Build your own AI harness racing machine learning betting model
by Brett Sturman
Much has been made through the years of the gap between the commercial betting syndicates and computer-assisted wagering (CAW) operations, compared to your typical retail harness player. On one side is the average harness handicapper armed with nothing more than a race program format that’s been unchanged for 100 years. And on the other side has been an army of groups with unlimited resources, data scientists, and access to proprietary data.
It’s always been an impossible gap between the two groups, but times are changing fast and dramatically.
The latest versions of AI tools have helped level the playing field in ways that wouldn’t have even been imaginable up until very recently. I would say any person who has knowledge of the sport (and if you’re reading this, that’s you) combined with curiosity and a foundational understanding of data – can now build something that in the past would have taken a team of developer’s months or years to build.
Easily the most impressive AI tool I’ve seen is Claude, by Anthropic. To the extent it can take domain knowledge provided by a motivated handicapper and use it to build a working predictive model is truly remarkable. Even as of a year ago using an AI tool to help build a serious model for a non-developer would have been significant work. But now, everything from transforming data into readable formats, building end-to-end code in any programming language, implementing the correct type of predictive methods, building diagnostics, and validations to troubleshoot – it’s almost entirely automatic.
Here’s a real-life guide as to what it would look like.
Using TrackMaster as the data provider in this example, go to the TrackMaster website and rather than purchasing a standard program in a PDF file format, instead download the data file in an XML format. What the XML provides is all the data that’s behind the standard race program – but also with some additional data not always seen in the program page. Once you get into data at this level, you’ll start to understand the advantages that these larger groups have had all these years, and this only scratches the surface.
Using Claude or your choice of AI, you’re able to upload the data file and direct it to parse through all the thousands of lines of code, tell it what data you want extracted, and transform it into essentially a standard Excel file. I did this the other day with a file from The Meadowlands last Friday (March 13) and the raw data is illuminating.
In this particular file, which contained over 1,600 rows of data with each row reflecting individual past performance lines, what I found most useful was a field for class rating. Each record had a class rating assigned to it – which is also shown in a standard TrackMaster program next to the speed rating – but being able to have a model analyze it in a read-able format opens more ways the figures can be analyzed.
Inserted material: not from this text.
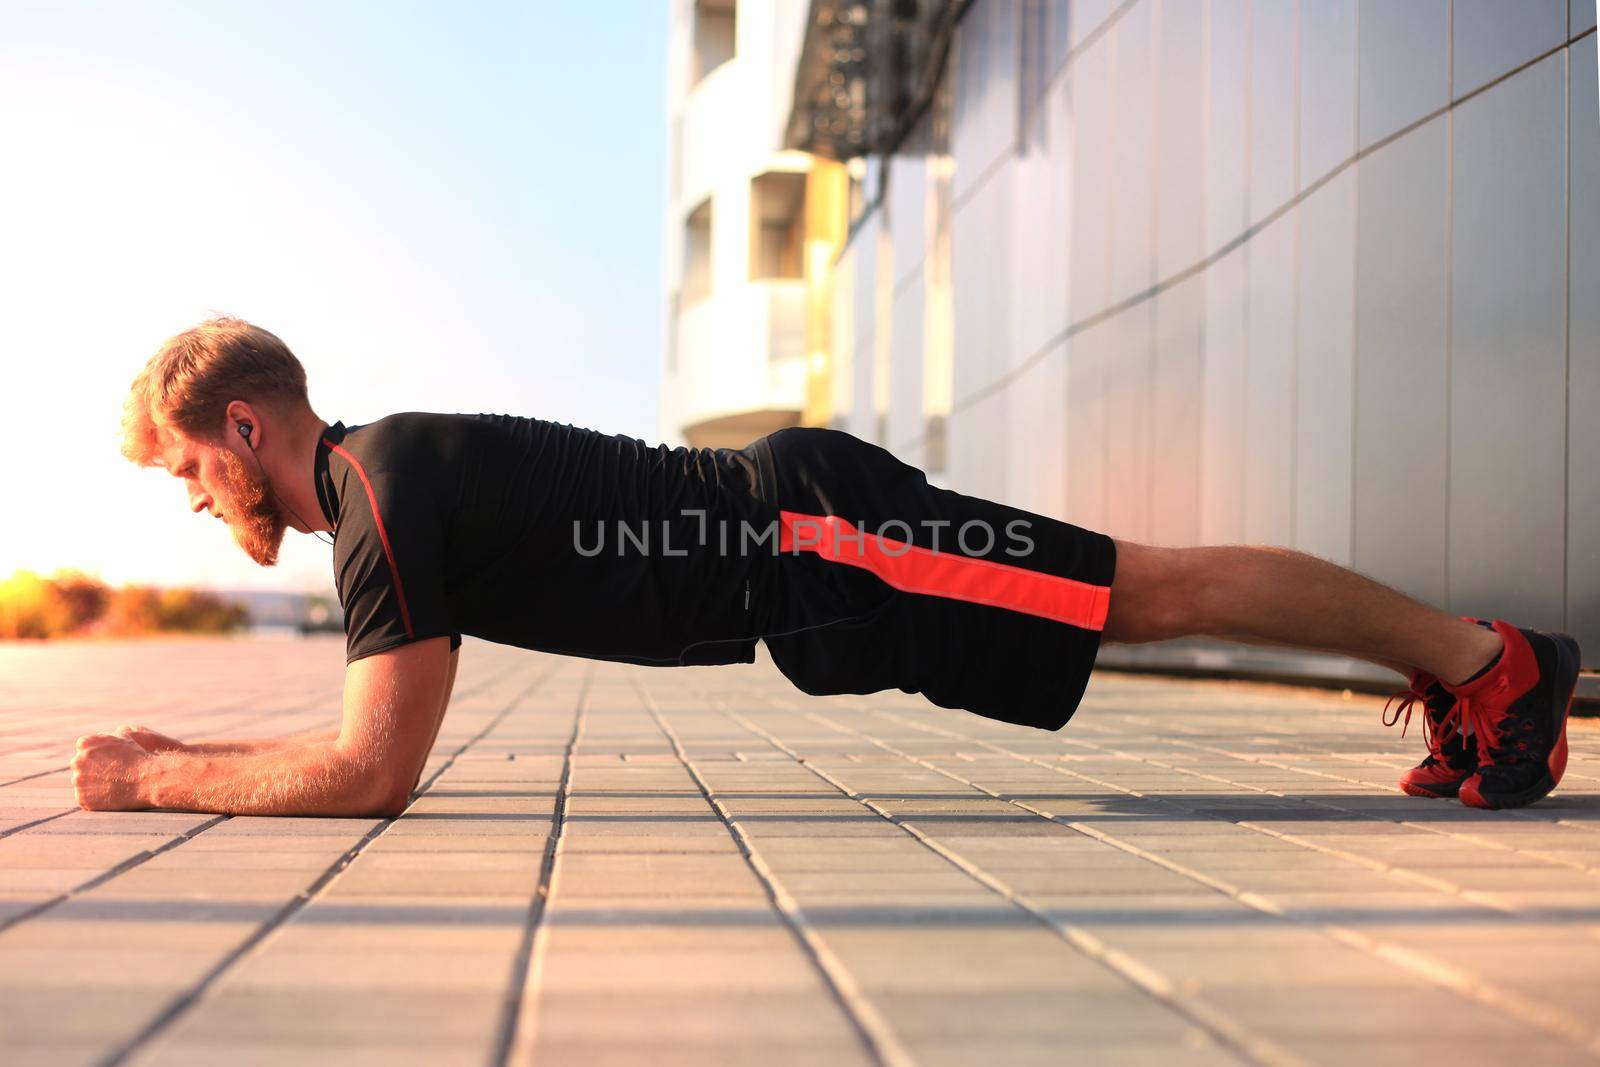 Handsome young man in sports clothing keeping plank position while exercising outdoors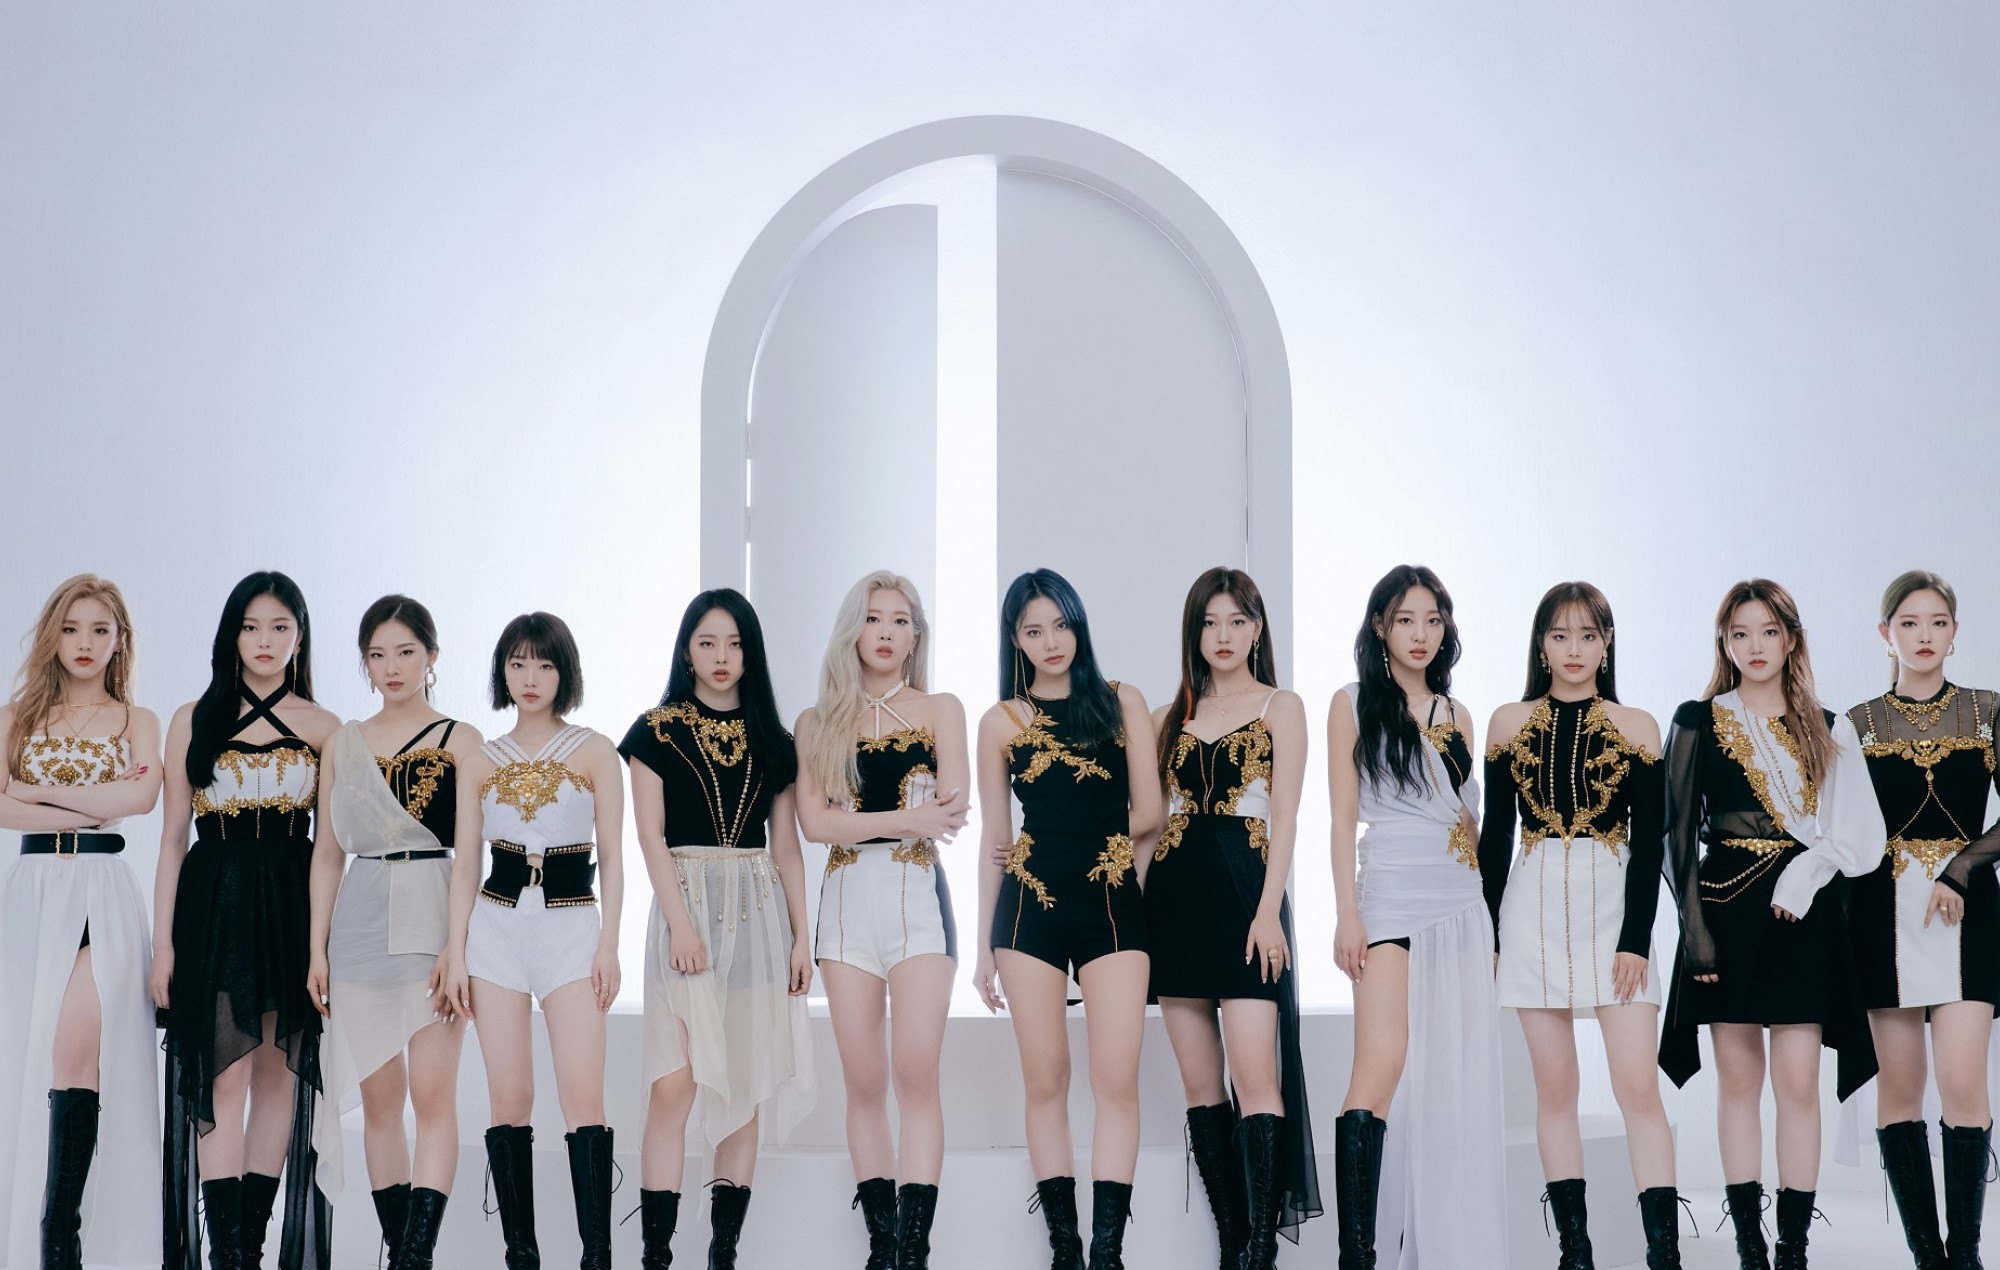 LOONA Make Their Much Anticipated Return With 'PTT (Paint The Town)'

On any given race, depending on the quality of horses in that specific race, an MADC 1 race could be considered exactly the same as a TM 71 field. But some MADC 1 races are lower, and some TM 71 races are higher and vice versa – and it all depends on which specific horses were in those races. Which $10,000 claiming race was rated higher quality, what about a particular N/W $2,500 L5 or that random NJ SDF race? This type of information takes all of the guesswork out of it, and now you could have a model treat these races differently based on rating even though they all look like the same class at first glance.
From there, use the data any way you see fit. You can tell the AI to incorporate not only the class ratings, but speed ratings, driver and trainer tendencies, track and post position statistics, and keep going from there. It’s solely up to you how you want to weight recent races, treat races differently where horses broke stride, incorporate pace projections, build custom calculations, barn changes, which trainers usually go easy with a horse following a qualifier – there’s no limitation. All you do is tell the AI what you’re thinking, and it goes ahead and writes the programming code to execute it.
One major caveat that I’ll say is that there’s only so much a model can do with raw data, especially in harness racing. As opposed to its sister sport, thoroughbred racing, where these models are highly prevalent and where vast amounts of data points can be used to build a well-constructed model, harness racing has more “feel” to it in my opinion and thus greater volatility.
In a thoroughbred race if any horse is fast enough, it stands a chance to be put into the race and win. But in harness racing, it’s much more difficult to model for a driver who has shown early speed with the same horse five straight races but tonight decides to randomly take back to ninth at odds of 3-1, or a horse that sits in from fourth and gets shuffled, or a horse that’s further back than planned because he let two horses drop in front of him. The human factors go on and on.
This is purely speculation, but it’s for those human reasons that I believe that the best commercial operations using their models in harness racing must have an element of direct driver and trainer information that go into their calculations. It’s just too important of a factor not to be included, and that still might be a proprietary edge that these groups have. But that said, if you’re someone closer to the physical horses than I am and you have your own information, then by all means go ahead and incorporate that information into your model.
All of this is to say that technology has never been close to what it is today for you to go out and build your own model. If built with sound principles and then layered in with your own knowledge and judgement on human interactions within the sport, there’s genuine value that can be created.
For all the massive edges in big data that the larger operations have had for years, this is the first time a regular player can begin to bridge that gap.